Has a lie in 'because the kids are still asleep' even if its pushing 8am, then we have a household of three screaming females stressing out to get out for half past. Should I leave for work before them, I'm regarded as not pitching in and doing a runner, despite being up since 6 myself and having a job to get to.

Signs me up to go to her friends' houses for lunch. I'd prefer the honesty of being told I've been dragged along purely to childmind so she can gossip all morning. At least then we could opt for the park or something the kids will actually enjoy.

Holds up the household calendar as if it is the very word of God should I forget to put anything on there, but if it clashes with her own opinions on what I should be doing then it is irrelevant how long it has been on there.
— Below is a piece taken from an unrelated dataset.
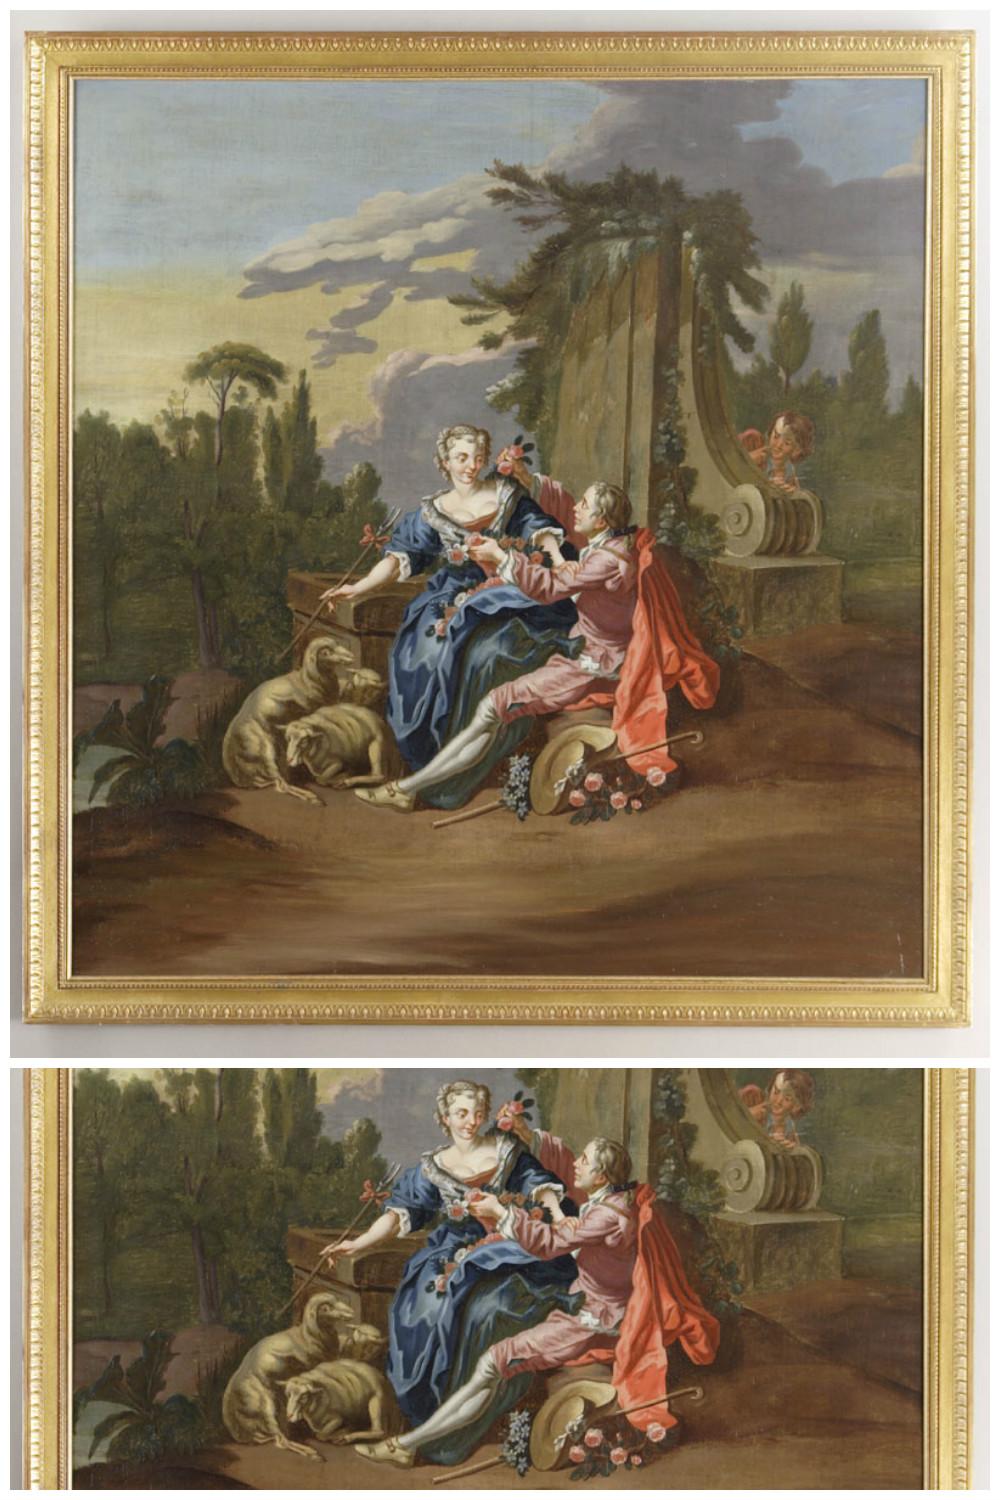 how is boucher's style in the painting above

Plenty of good things too, but I'm forty next year and need to get used to being irritated by the petty things.
 
We’re in Keswick, looking for suitable accommodation to rent next year. The wife pointed out that one cottage had been refurbished after the floods in 2016. That might be the case, we said, but not as a direct result of the floods - the property is just too high. My son pointed out that there is a mark in the park below us showing how high the floods were. I pointed out that we could see the rooftops of many properties that were below our current elevation, and if this property was flooded, it would have been of biblical proportions. The wife just won’t have it though. No, this property was damaged by the floods.
 
moving the coffee table of the rug to either hoover it or to change the little lad on it(she says its more comftable for him) and then doesnt move it back and leaves it pushed up against the fireplace.

Leaving the lids on the shampoo, conditioner and shower gel open and left on the shower floor, she then moans that the lad gets hold of them and has emptied them all.
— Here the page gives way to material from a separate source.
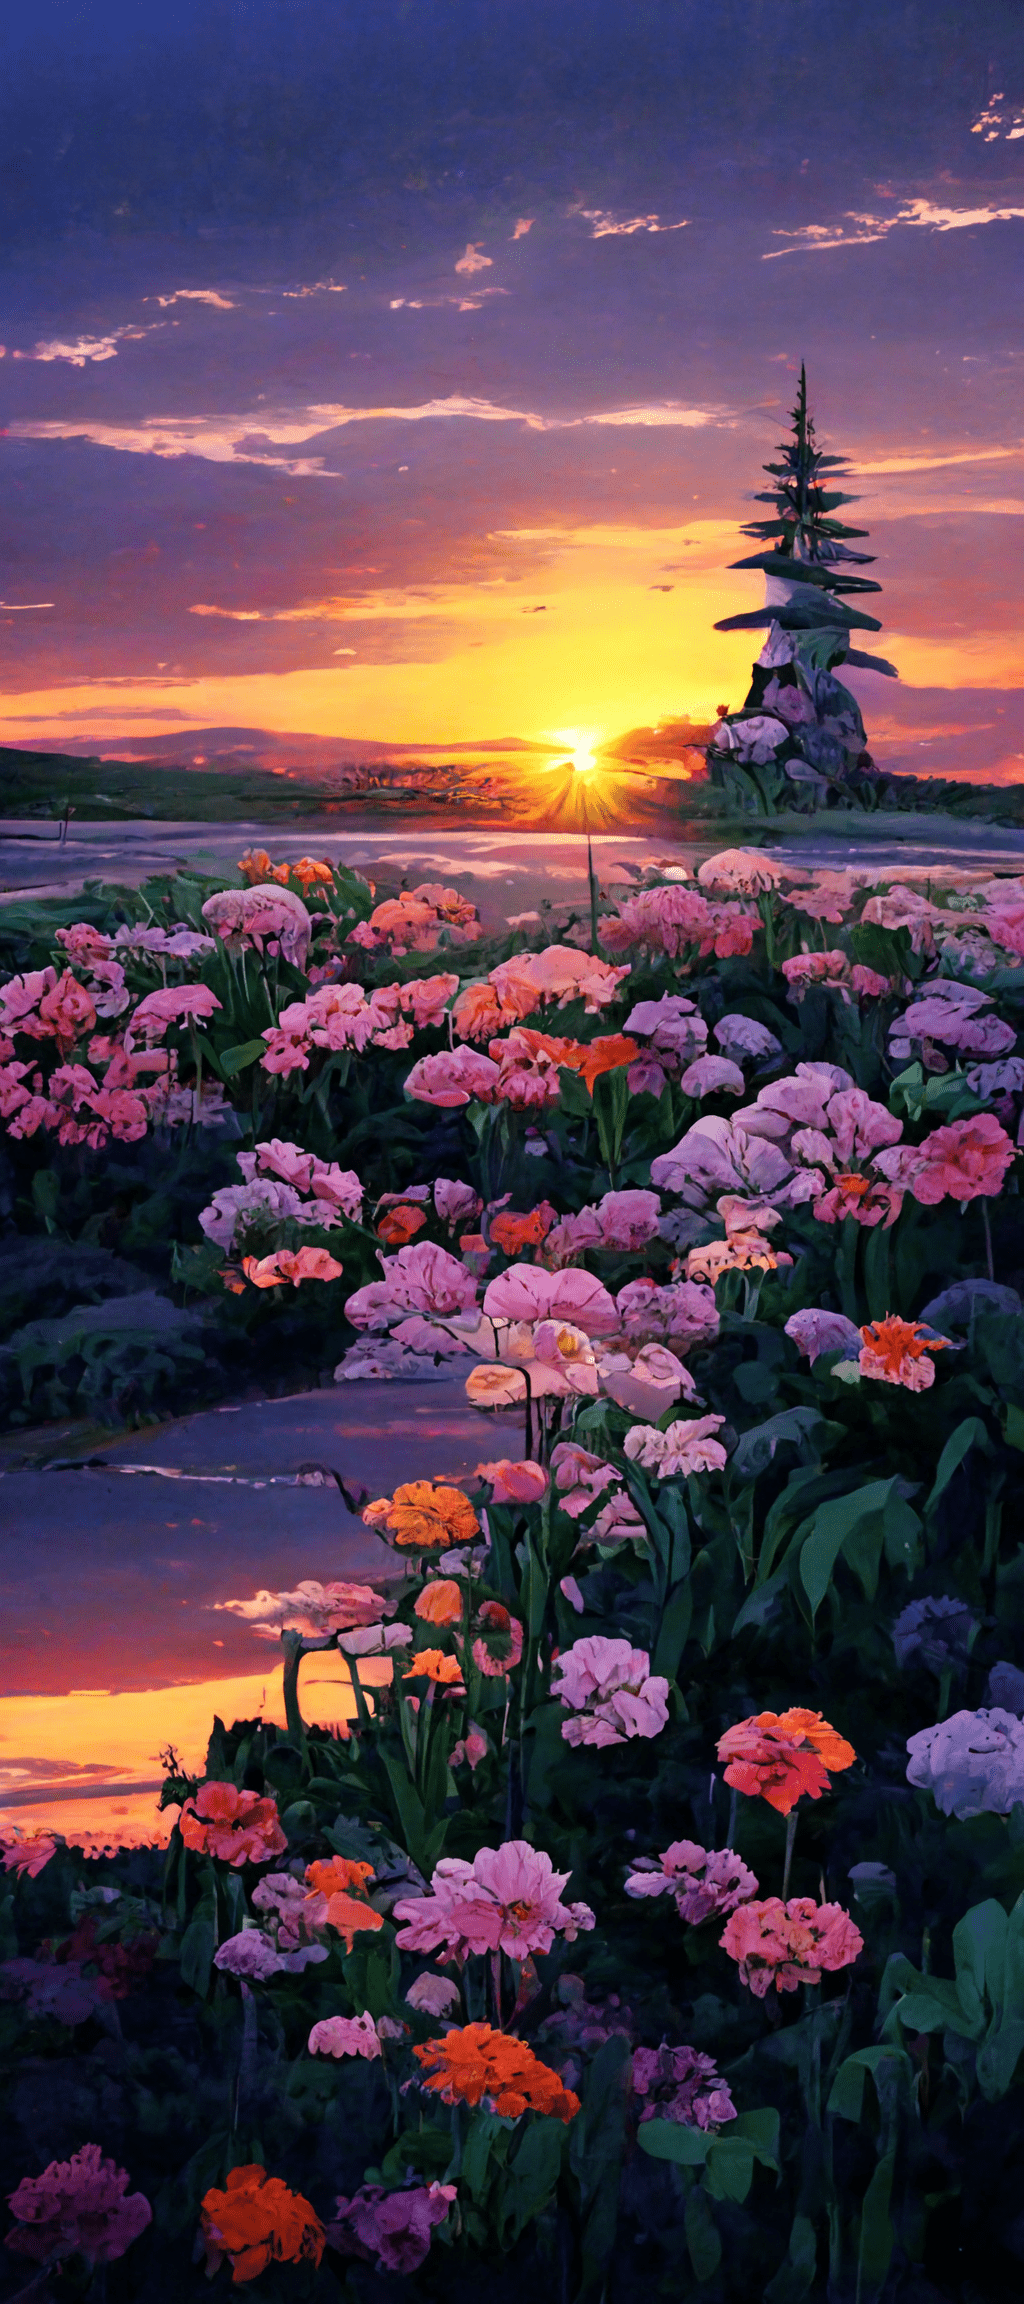 A painting of flowers and water at sunset - 90s anime

talks from another room and when i say 'i cant hear you' she just says one word that means nothing to me as i didnt hear her, i then say what you on about and she says the same word to me again.........aaarrrggghhhhh

washing the pots and making the floor piss wet through and doesnt wipe it up
 
I can recommend Aldi's Magnum washing up liquid, the one in the silver bottle

Anyway. You are, of course, correct. It really pisses me of when Mrs Hef contaminates the sink, especially during the time im washing up. She just starts dropping things in it, there is an order. Glasses/cups first, cutlery, plates then pots and pans
There is an order to everything mate washing up included, why can't these disorganised women realise this? :)
 
Mine does this as well, stacks them up in such a ridiculous fashion that there's no way they don't need removing before starting the job. She always has to have a pudding of some sort, by the time she's finished I've usually done the pots but I leave the water in the sink for her to wash the spoon/dish/plastic pot, she just fucking dumps them in the sink and breezes off to watch some shite tv.
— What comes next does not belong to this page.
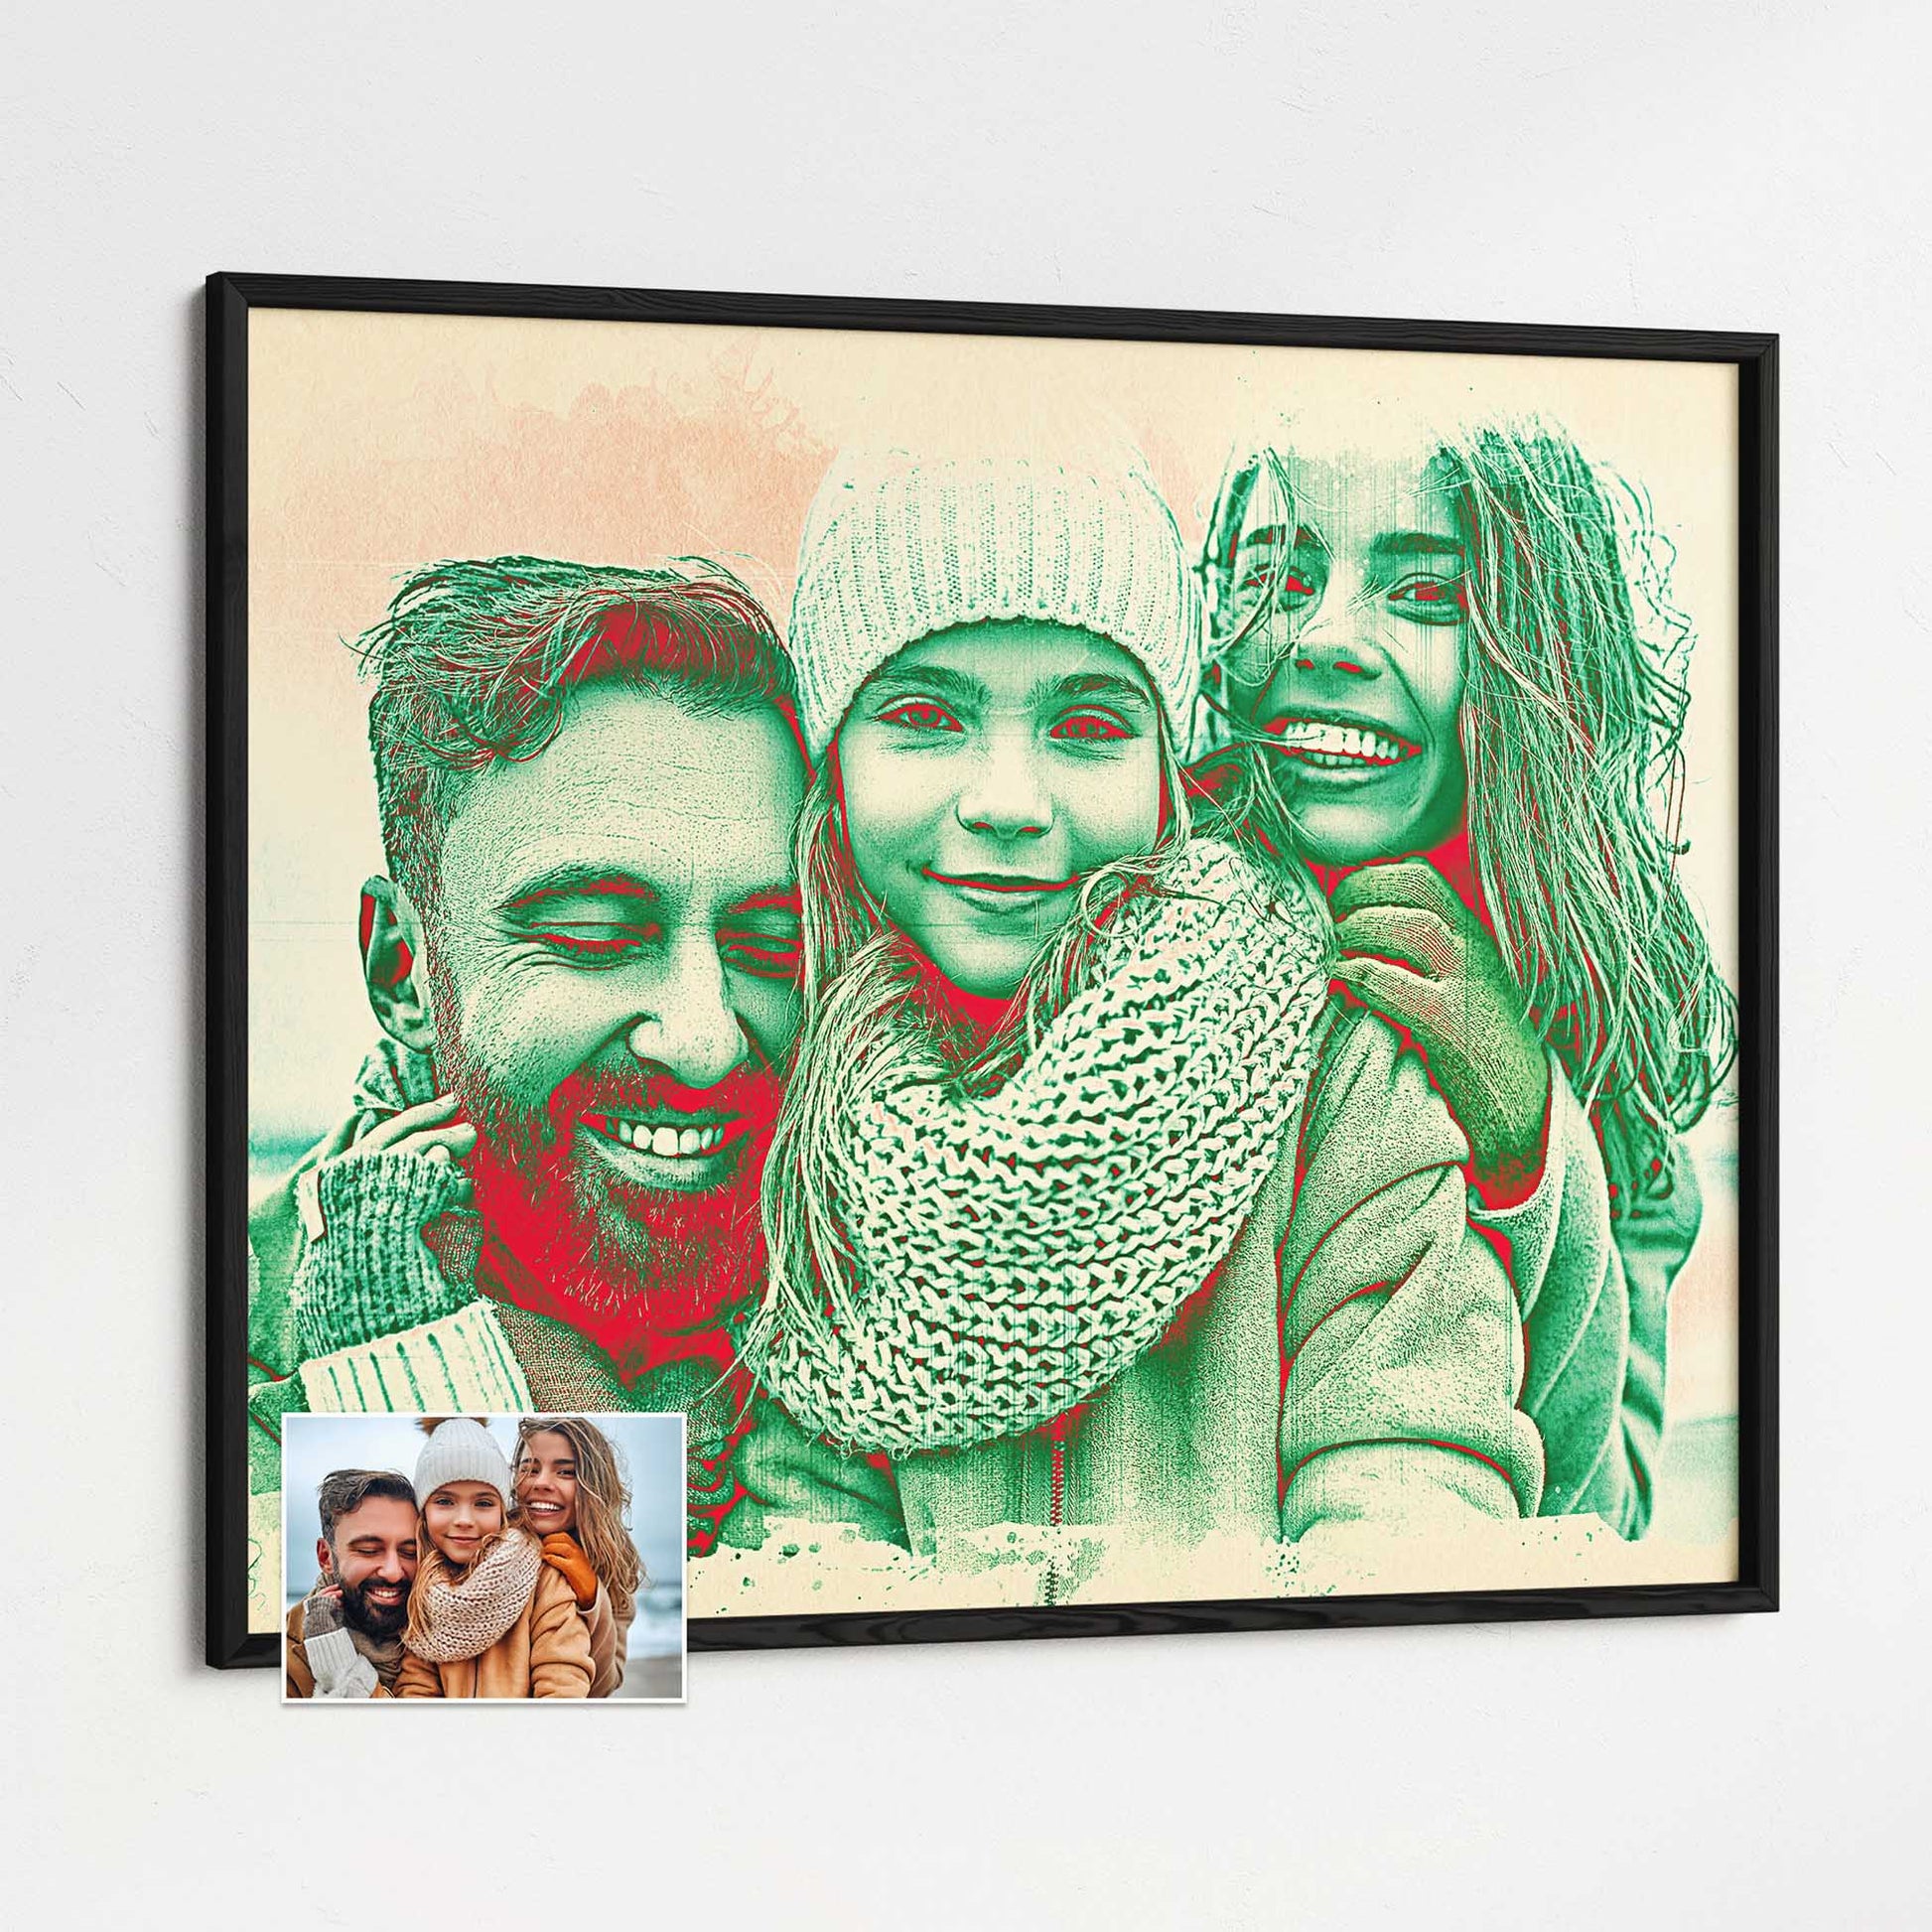 Personalised Red & Green Framed Print: Embrace the captivating beauty of watercolour style with this unique and imaginative framed print. Created from your photo, it transforms your memories into a stunning piece of art

Will give that Aldi one a try, cheers, always been a Fairy man (so to speak) but am always willing to change.

Some may say why do the pots when you have a wife but I'm not like that, I like to know they are done properly.
Same with me, i always wash the pots so they are done properly, Mrs Xiphos's dish washing skills are minimal..i blame her Mother....she will pile them all in the sink and sort of swirl them around, she very rarely uses a dishcloth and hasn't got a scooby what a brillo pad is, she then puts them on the draining board and pours cold water over them, fucking strange so i fucked her off away from the sink after a few months of marriage, she could give us all food poisoning i told her, she said thats how her Mum did it and it was ok
Must try this silver bottle Aldi stuff, Fairys getting a bit expensive
 
A bloke sits down and think's, what can I do ? A woman sits down and think's, what can I get him to do.
Explain how doing it one way would be easier but no, "If I wanted it done that way I'd tell you ." Three weeks later... Frank's wife's sisters cousin said if we do it that way it would be easier and it was.
Hair dryer in a drawer, if bank's would put a hair dryer in a safe no one would be able to get in it to rob it.
Cushions again. Why ?
Took her out for a meal last week. All she did was complain. Even let her choose what toy she wanted with her Happy Meal. No pleasing some of them.